La stima della povertà
A livello nazionale l’Istat stima che il 10,6% delle famiglie italiane siano in condizione di povertà relativa, il 6,3% anche in povertà assoluta. I dati si riferiscono al 2016 e le due misure della povertà (assoluta e relativa) vengono elaborate con diverse definizioni e metodologie, sulla base dei dati dell’indagine sulle spese per consumi delle famiglie. L’incidenza della povertà assoluta viene calcolata sulla base di una soglia corrispondente alla spesa mensile minima necessaria per acquisire il paniere di beni e servizi considerato essenziale a uno standard di vita minimamente accettabile.
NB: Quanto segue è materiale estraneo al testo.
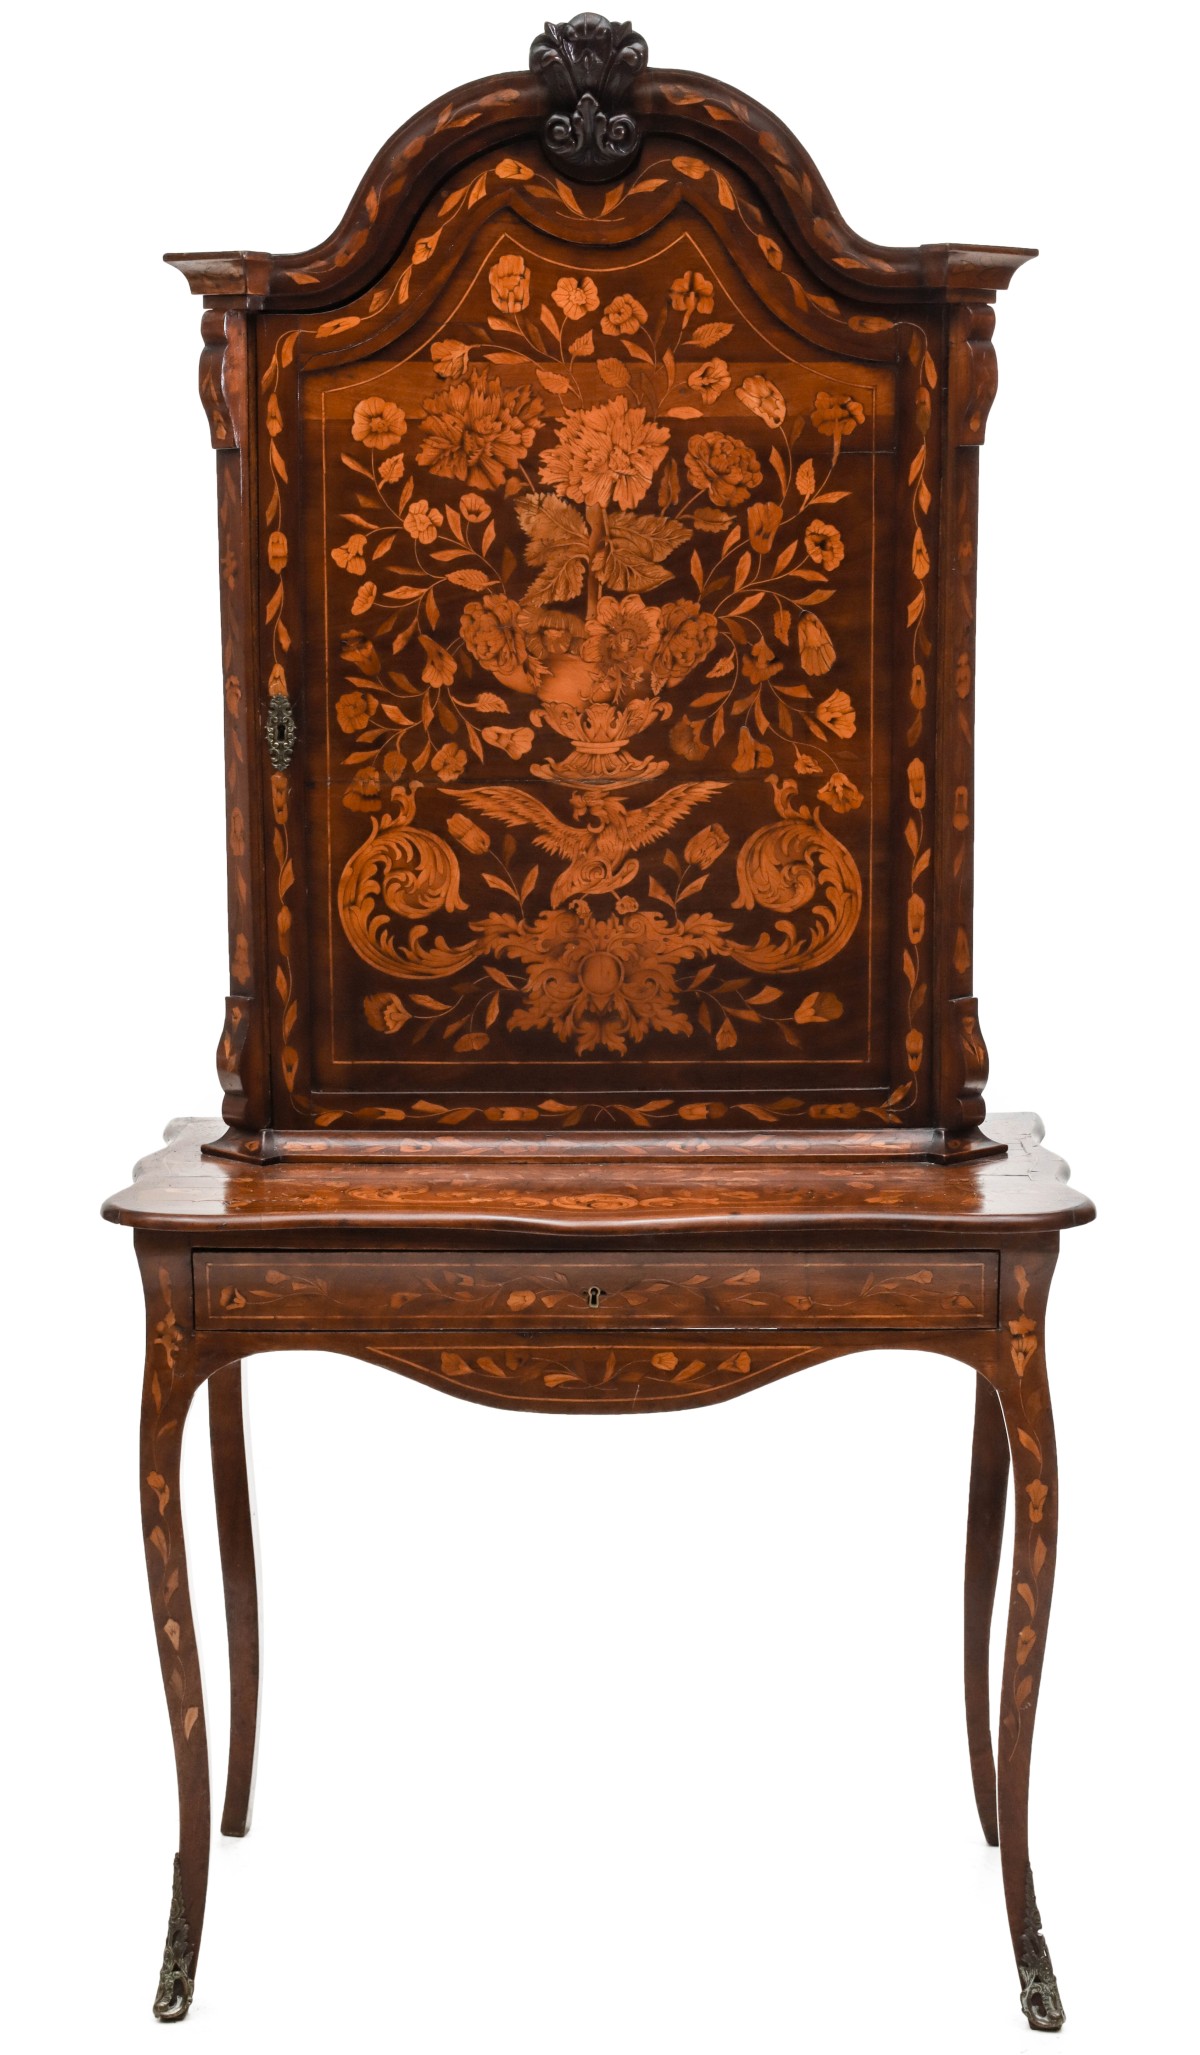 A 19TH CENTURY DUTCH MARQUETRY CABINET ON STAND

La stima dell’incidenza della povertà relativa viene invece calcolata sulla base di una soglia convenzionale (o «linea di povertà») che, per una famiglia di due componenti, è pari alla spesa media mensile pro-capite nel Paese e nel 2016 è risultata di 1.061,35 euro. Le famiglie composte da due persone che hanno una spesa mensile pari o inferiore a tale valore sono classificate come relativamente povere. Per famiglie di ampiezza diversa il valore della linea si ottiene applicando un’opportuna scala di equivalenza, che tiene conto delle economie di scala realizzabili all’aumentare del numero di componenti. 

In Friuli Venezia Giulia
Le stime sulla povertà relativa sono disponibili anche su base regionale. Tra il 2015 e il 2016 l’incidenza della povertà relativa tra le famiglie appare stabile in Italia (dal 10,4% al 10,6%), mentre in Friuli Venezia Giulia presenta un evidente incremento, essendo passata dall’8,7% al 10,4%. Le situazioni più gravi si osservano comunque tra i residenti nelle regioni del Sud, in particolare in Calabria dove nel 2016 circa un terzo delle famiglie risulta sotto la soglia di povertà relativa. Sebbene si tratti di stime che devono essere considerate con una certa prudenza, si può comunque rilevare una tendenza crescente negli ultimi anni, che ha portato l’incidenza della povertà relativa in Friuli Venezia Giulia dal 6,8% nel 2011 all’attuale 10,4%. Si può anche notare che, se negli anni precedenti la situazione regionale era più favorevole rispetto a quella complessiva (nel 2011 l’incidenza nazionale della povertà relativa era superiore di 3 punti e pari al 9,9%), nell’ultimo anno si è verificata una convergenza. Il tendenziale peggioramento delle condizioni economiche delle famiglie regionali conferma la necessità di adottare dei provvedimenti di contrasto alla povertà, come è avvenuto in questi ultimi anni.